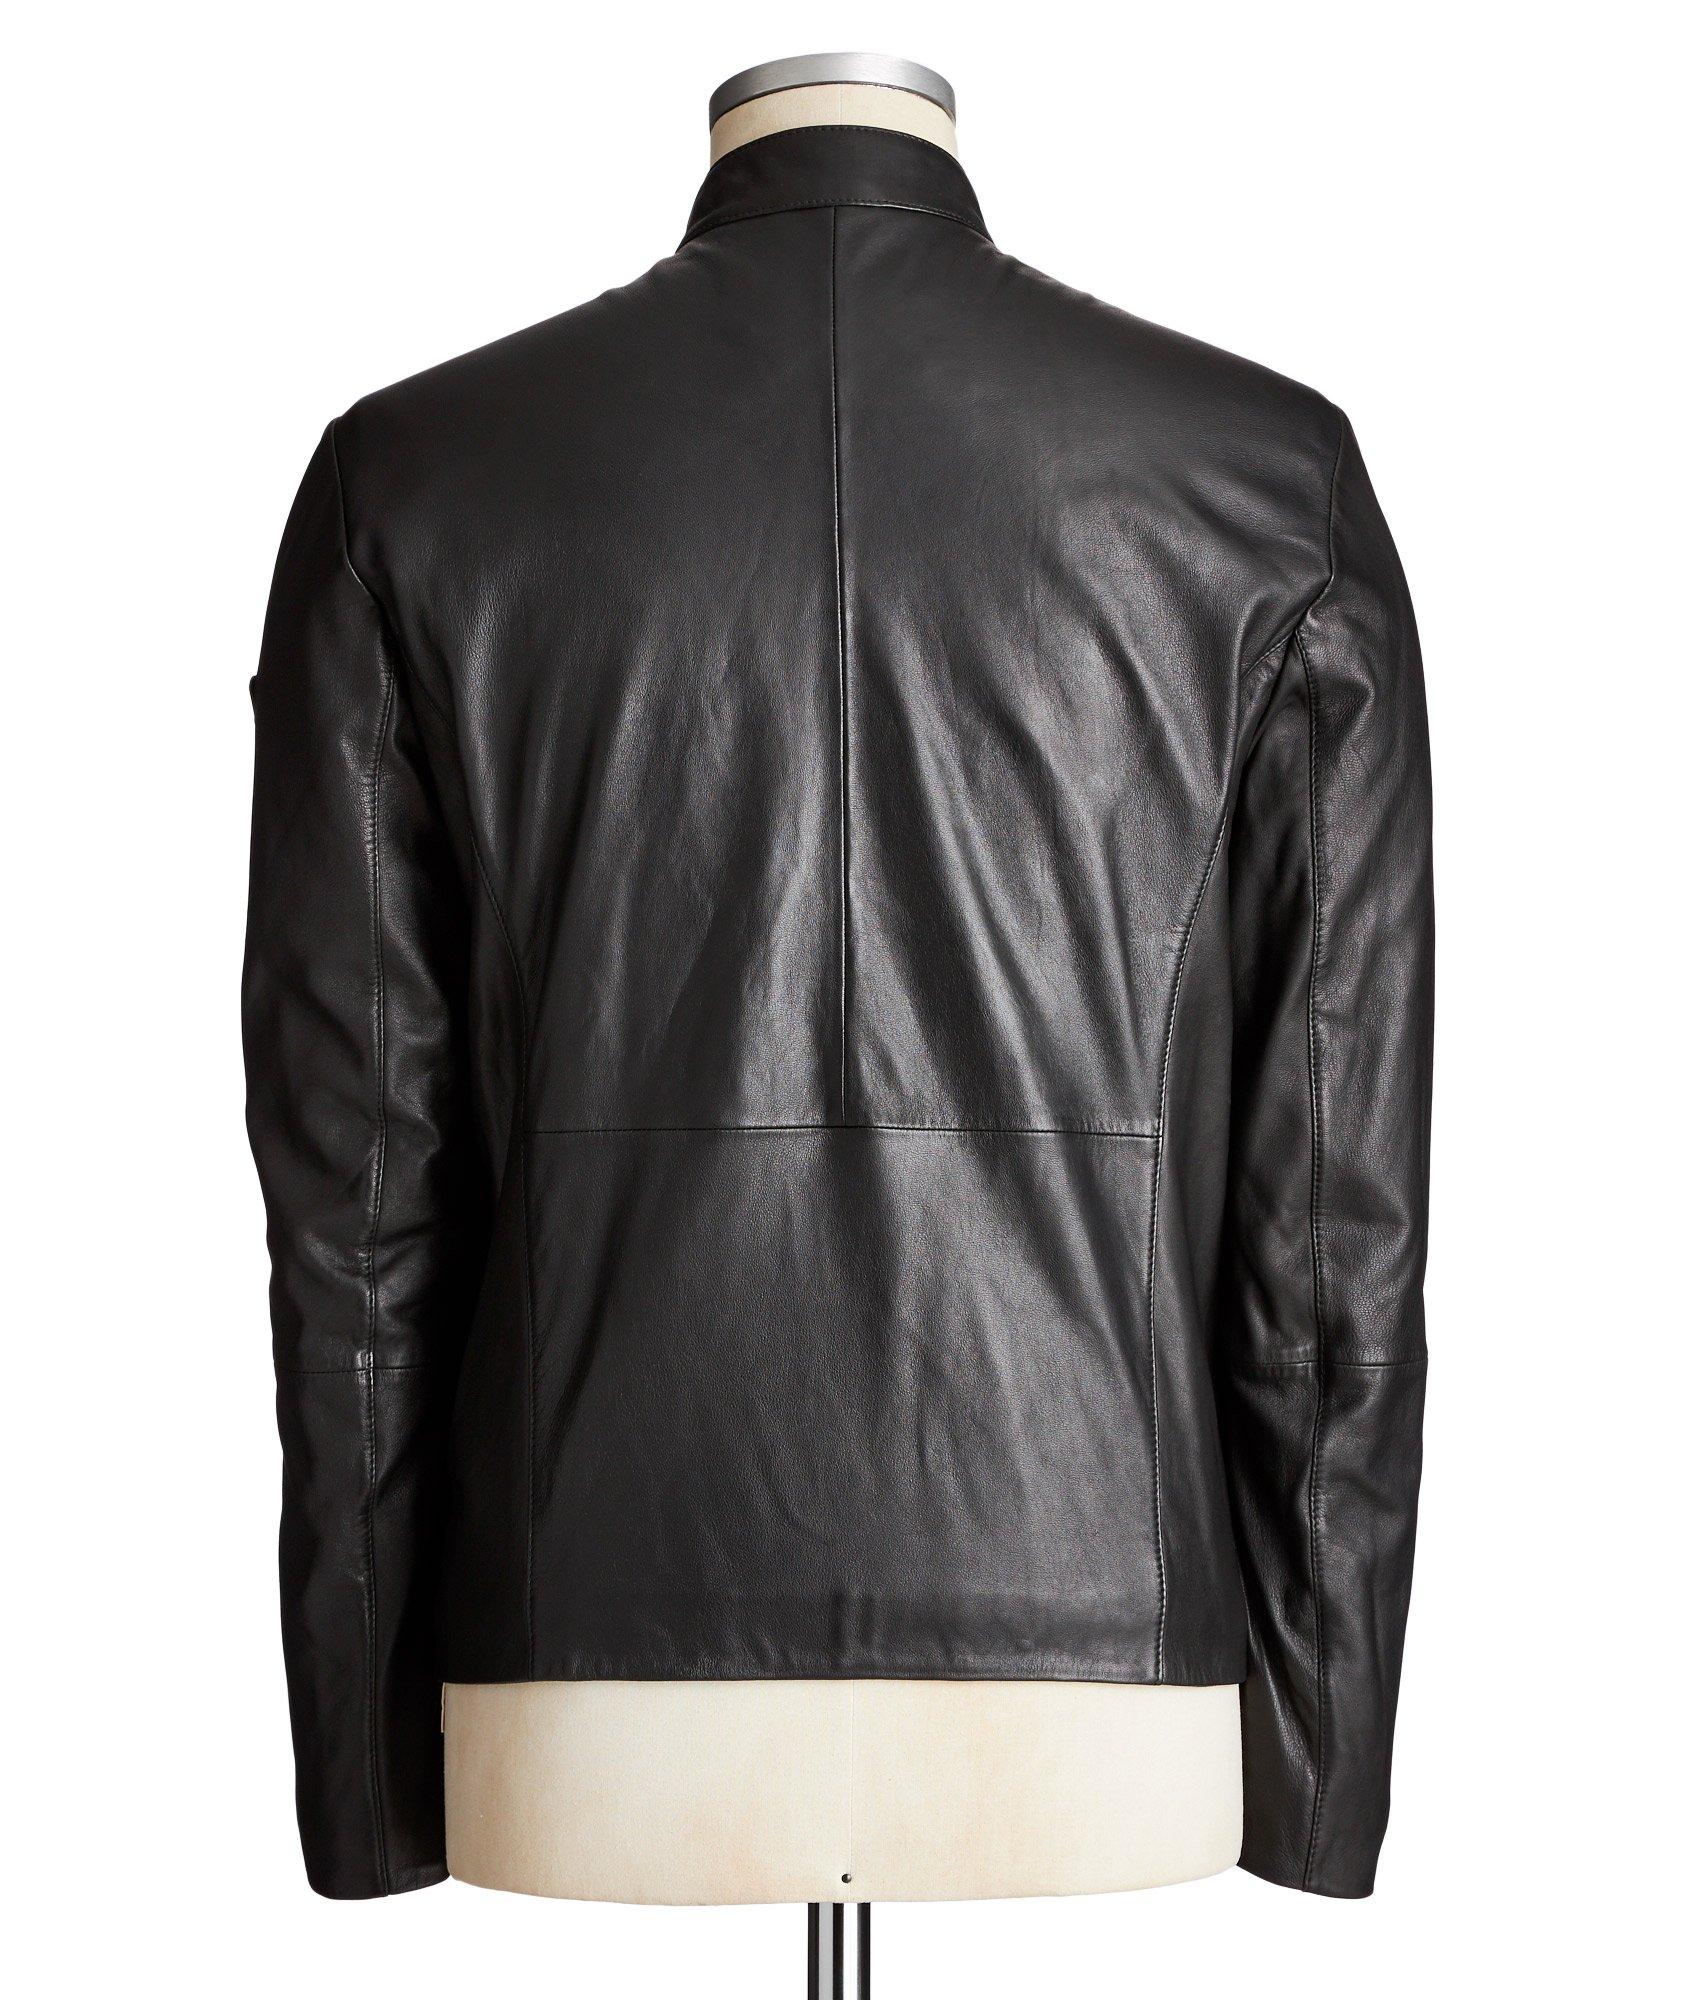 Leather Jacket image 1
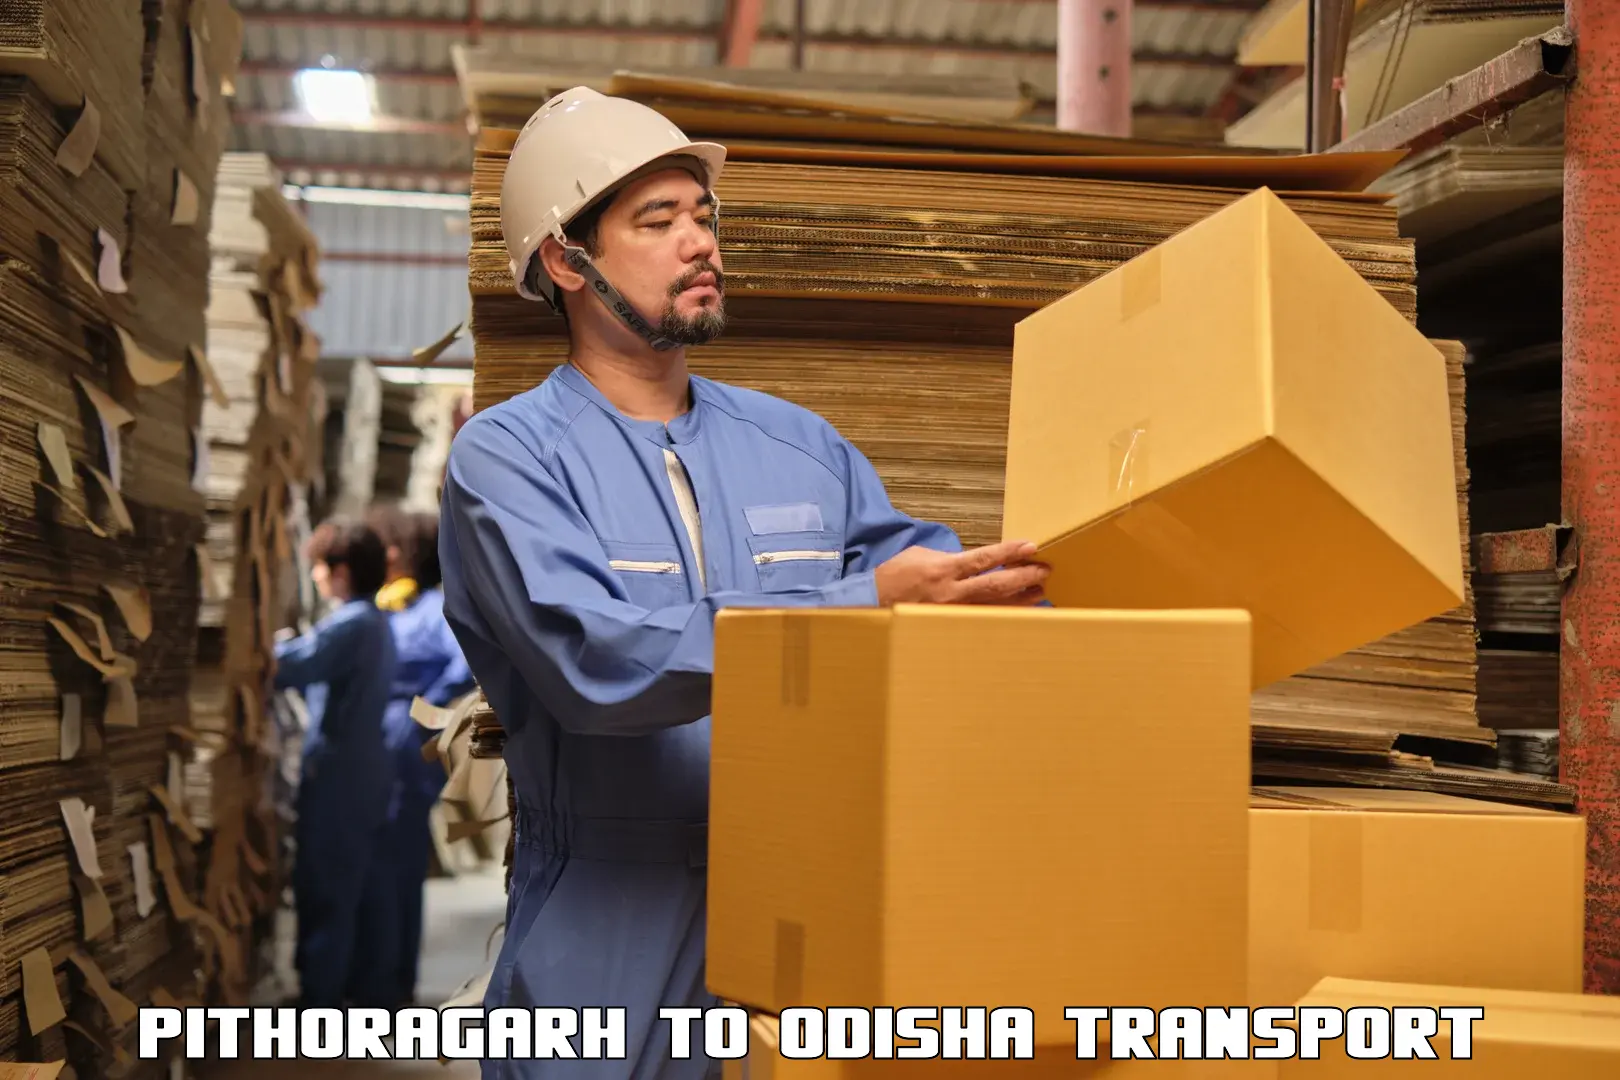 Furniture transport service Pithoragarh to Dhamanagar
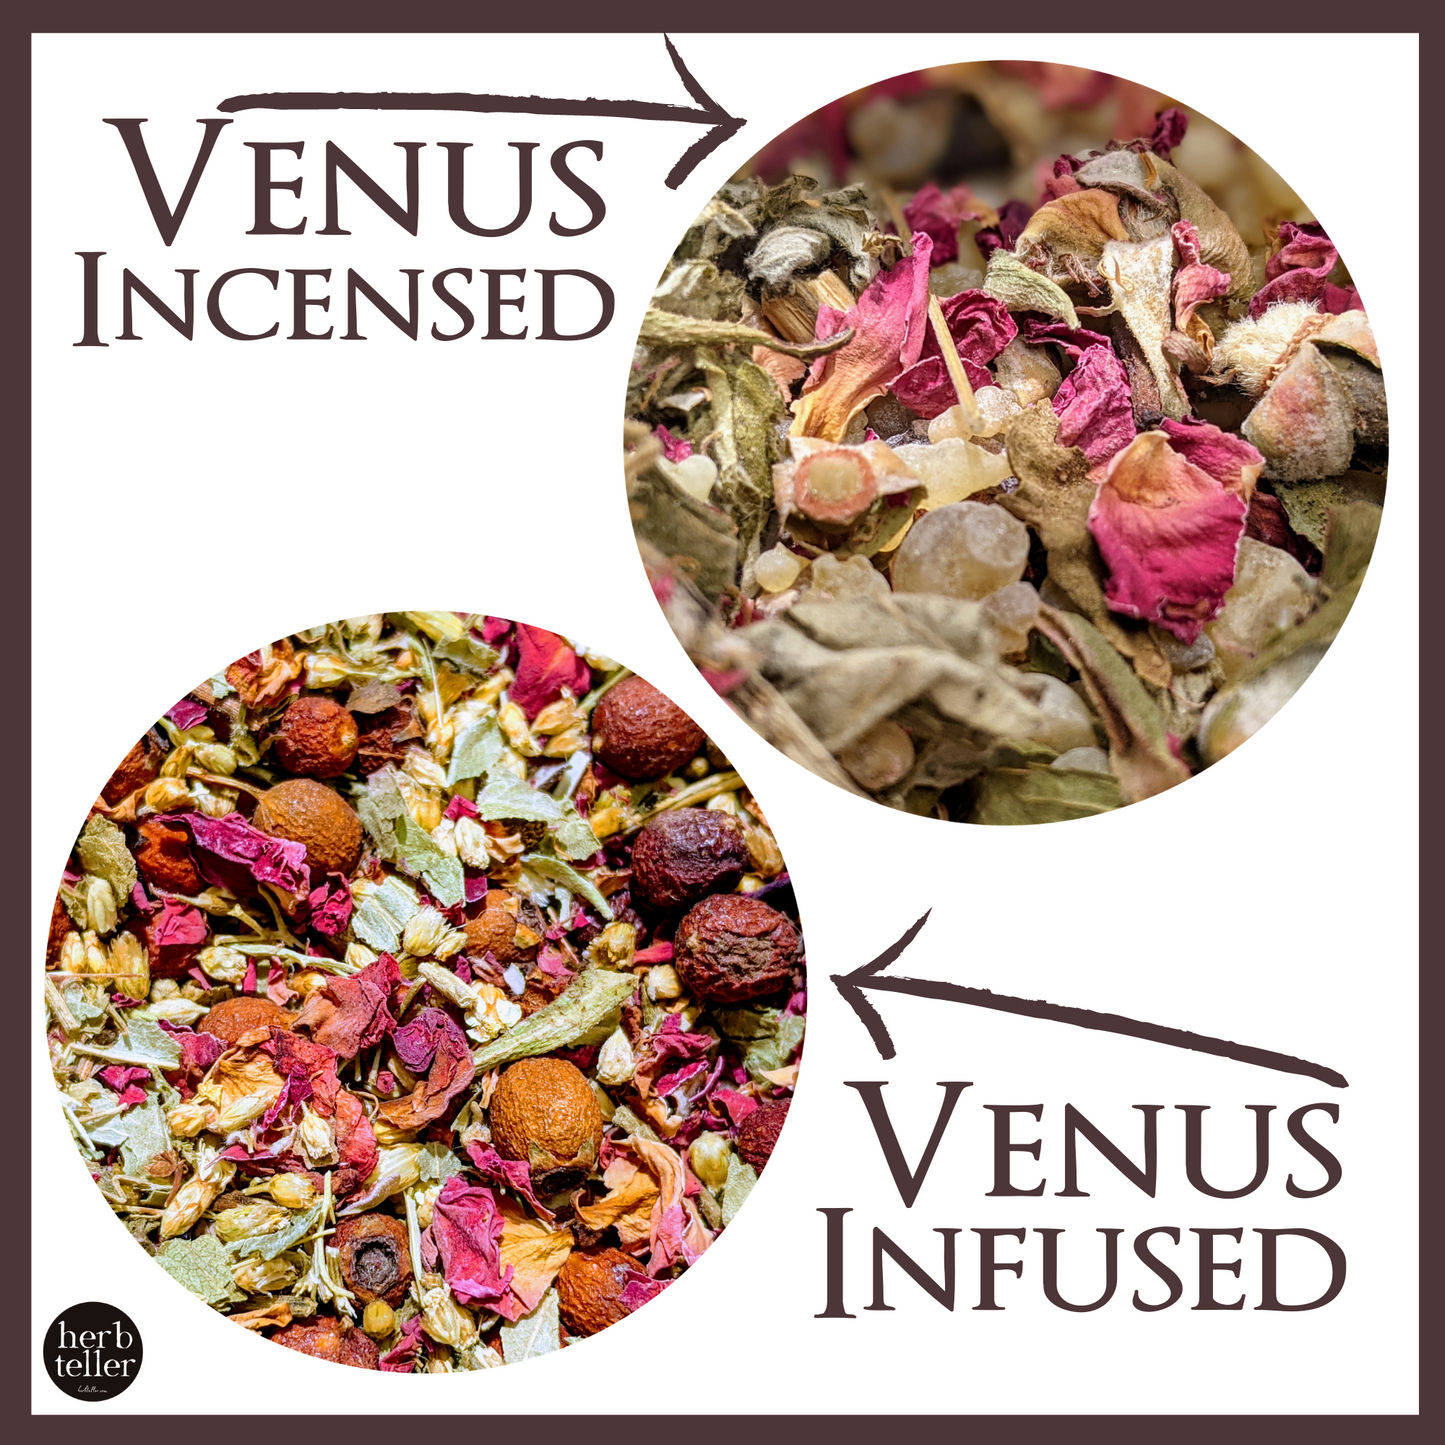 Oh My Venus Herbmusement (Tea/Oil/Incense) Ritual Set
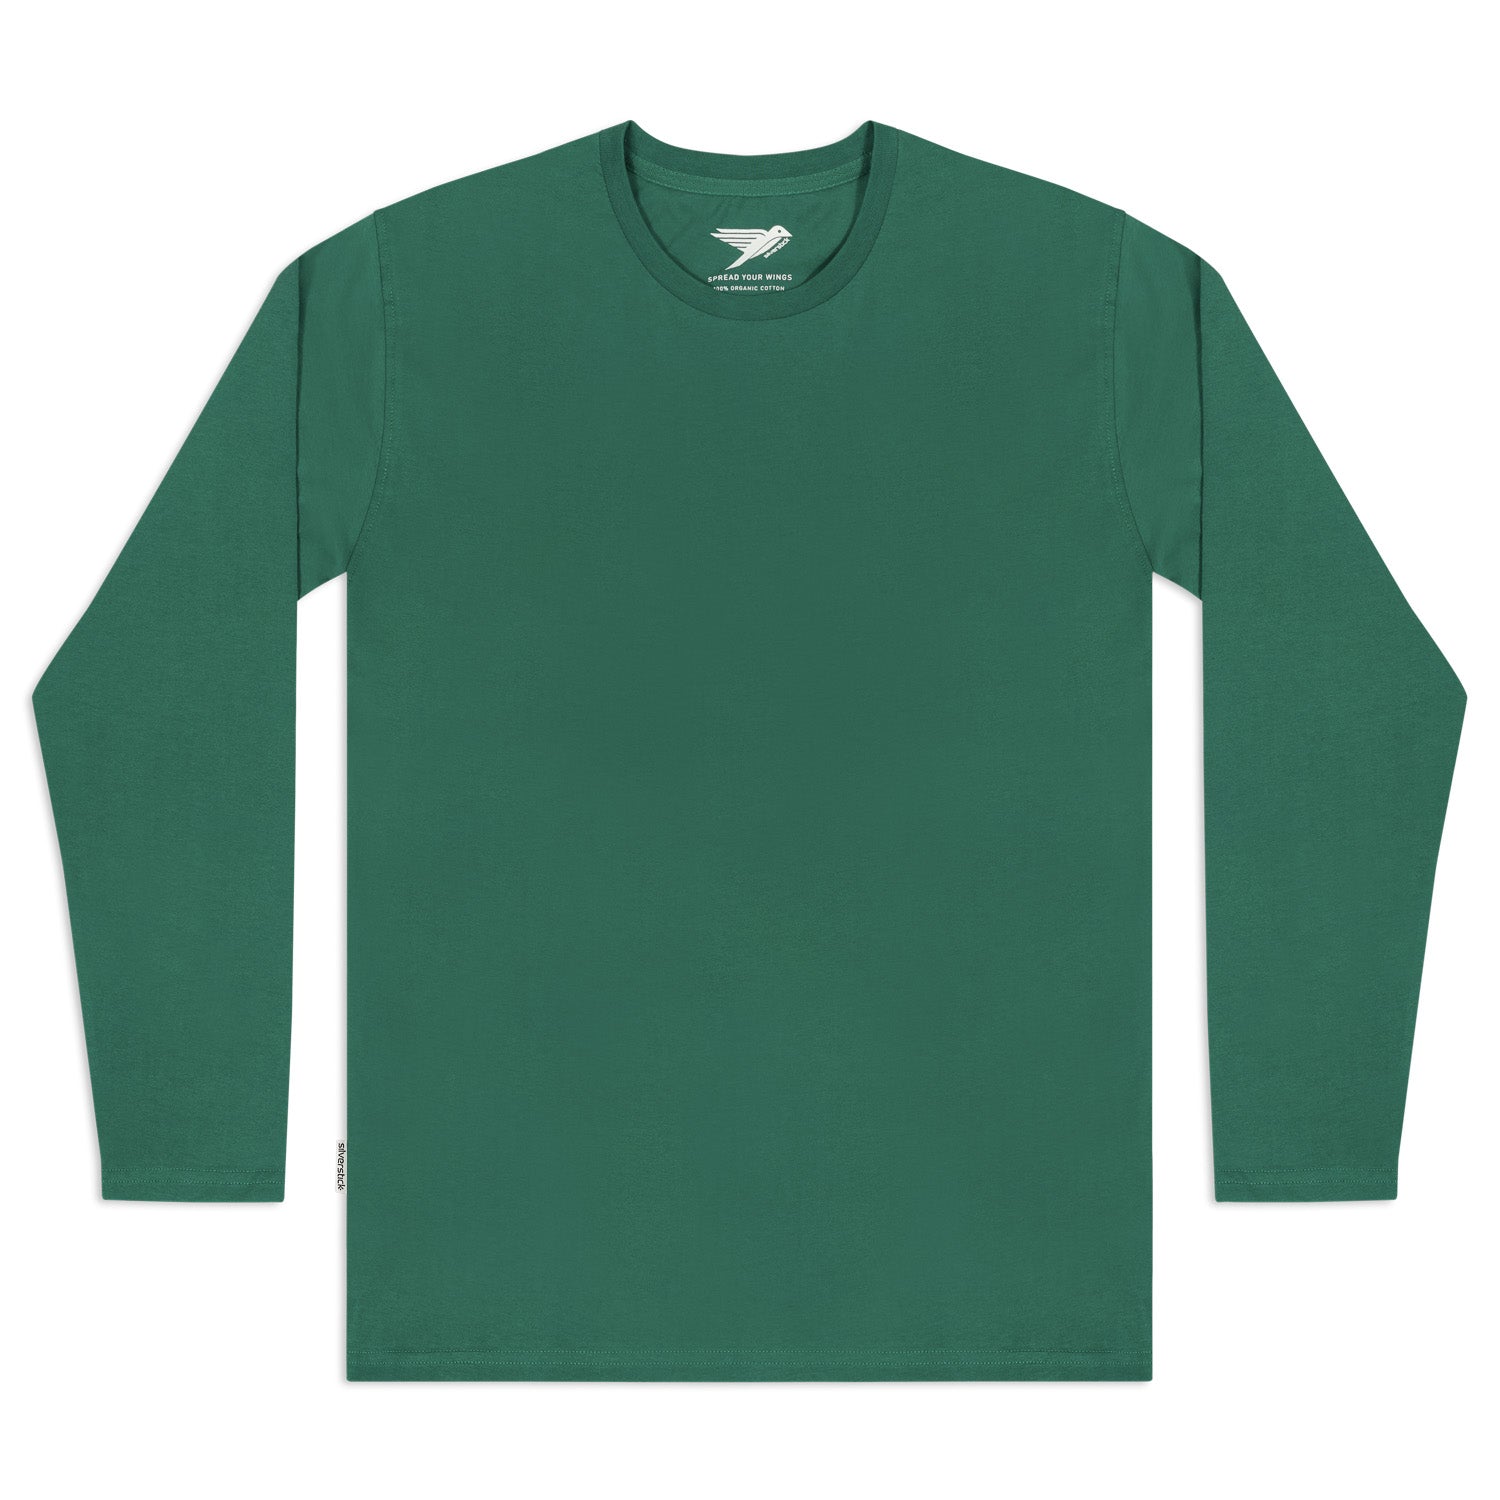 https://silverstick.co.uk/cdn/shop/products/silverstick-mens-adventure-organic-cotton-long-sleeve-t-shirt-hunter-green-front-Web-1500.jpg?v=1612259810

◆ ◆ ◆ ◆ ◆

The answer must be the whole listing, word for word, with no pictures in it. Please write it out.

SOLUTION:
 Leather Jacket image 1
 Furniture transport service Pithoragarh to Dhamanagar
 Oh My Venus Herbmusement (Tea/Oil/Incense) Ritual Set
 https://silverstick.co.uk/cdn/shop/products/silverstick-mens-adventure-organic-cotton-long-sleeve-t-shirt-hunter-green-front-Web-1500.jpg?v=1612259810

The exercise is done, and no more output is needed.